GROSS: Because of the recycling?

Mr. FISHMAN: Because of all of these things, because people don’t water
their lawns anymore, because they're very careful about recapturing
water that would otherwise be lost. Las Vegas has increased in size by
50 percent in the last 10 years, and it uses no more water today than it
did in the year 2000.

GROSS: So one of the things you write about in your Vegas chapter is how
golf courses have changed in order to conserve water because it's hard
having a lush, grassy, green golf course in the desert, and it was using
a lot of water. So tell us a little bit about some of the changes that
were made to make the golf course more efficient in its use of water.

Mr. FISHMAN: Angel Park is a public golf course in Las Vegas. It's not
untypical in terms of its water use or its water innovations at all.
They have managed to cut their water use almost in half in the last 15
years. They used to use as much water as a city of 10,000 people, almost
two million gallons of water a night.

They have pulled out a third of the turf in the golf course. It now has
a very desert feel. You now tee off from a grassy green, and your ball
heads for a hole that is a grassy green, but in between, dessert ravines
and arroyos landscaped as desert landscape.

And that's all different than the desert used to be. Every single bush
at Angel Park has its own individual sprinkler head, and so they don't
spray water randomly. Each plant actually gets the water it needs. And
the turf has its own sprinklers.

All the sprinklers are computer controlled and take into account things
like temperature and wind. And finally, they only use re-use water. They
are using treated sewage from a sewage plant just two miles away.

So unlike 20 years ago, when Patricia Mulroy first came to Las Vegas,
golf courses and fountains and all of these water features used water
straight from Lake Mead, which you never got back. And so part of her
new ethic is every golf course in Las Vegas has a water budget, and they
are not permitted to exceed the water budget or be fined. And so they've
gone from using more than 600 million gallons of water a year down to
about 376 million gallons of water a year.

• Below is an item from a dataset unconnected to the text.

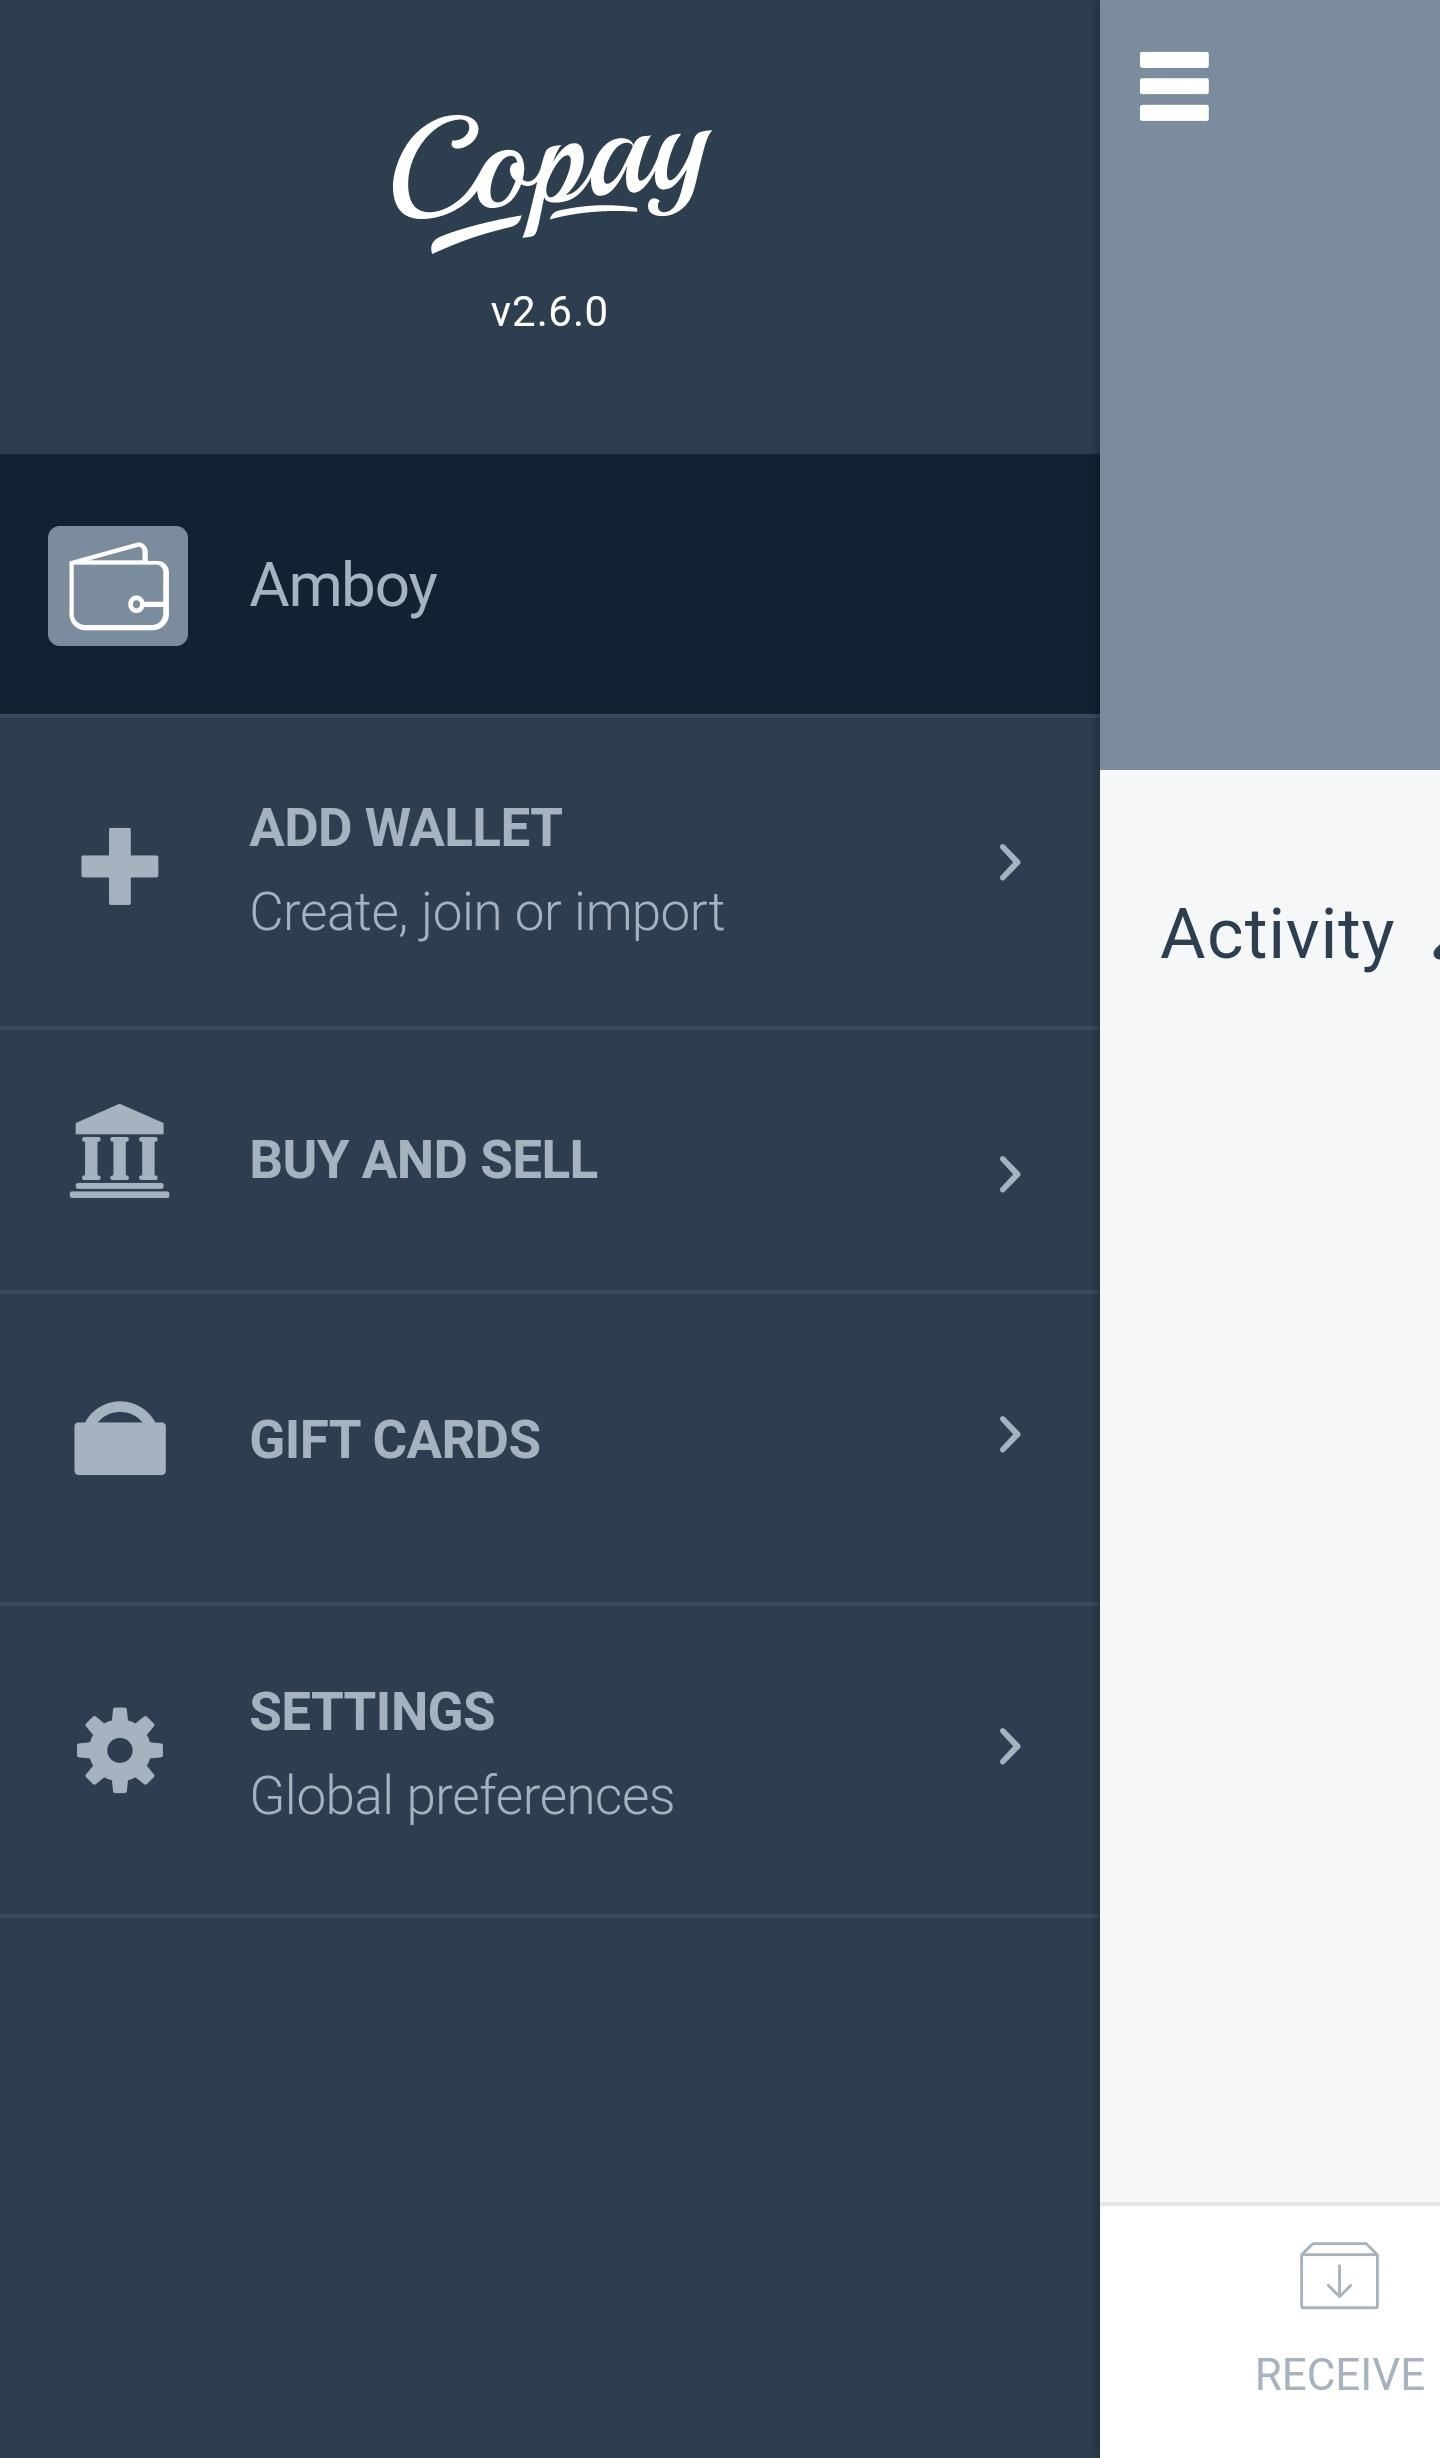 The Best Bitcoin Wallet Apps for Your Android Device

GROSS: Which is still an extraordinary amount of water.

(Soundbite of laughter)

Mr. FISHMAN: Still, that's right. Still, at this point, each hole of
golf on a golf course in Las Vegas, each time a golfer steps to a tee in
Las Vegas, it requires about 139 gallons of water just to get that
golfer through that one hole. So golf in Las Vegas remains one of the
great water indulgences of the town.

GROSS: My guest is Charles Fishman, author of the new book "The Big
Thirst: The Secret Life and Turbulent Future of Water." We'll talk more
after a break. This is FRESH AIR.

(Soundbite of music)

GROSS: If you're just joining us, my guest is Charles Fishman. You may
know him as the author of the bestseller "The Wal-Mart Effect." He has a
new book called "The Big Thirst: The Secret Life and Turbulent Future of
Water."

You know, I'm thinking, as I hear you talk about this, that the whole
idea that we're on the verge of a second water revolution. When I think
of the municipal water systems in our city, so many of them are old. The
water infrastructure is old. And with all the budget cuts happening on
every level of government, what are the odds that cities will have the
money to create the kind of infrastructure for us to have smart water?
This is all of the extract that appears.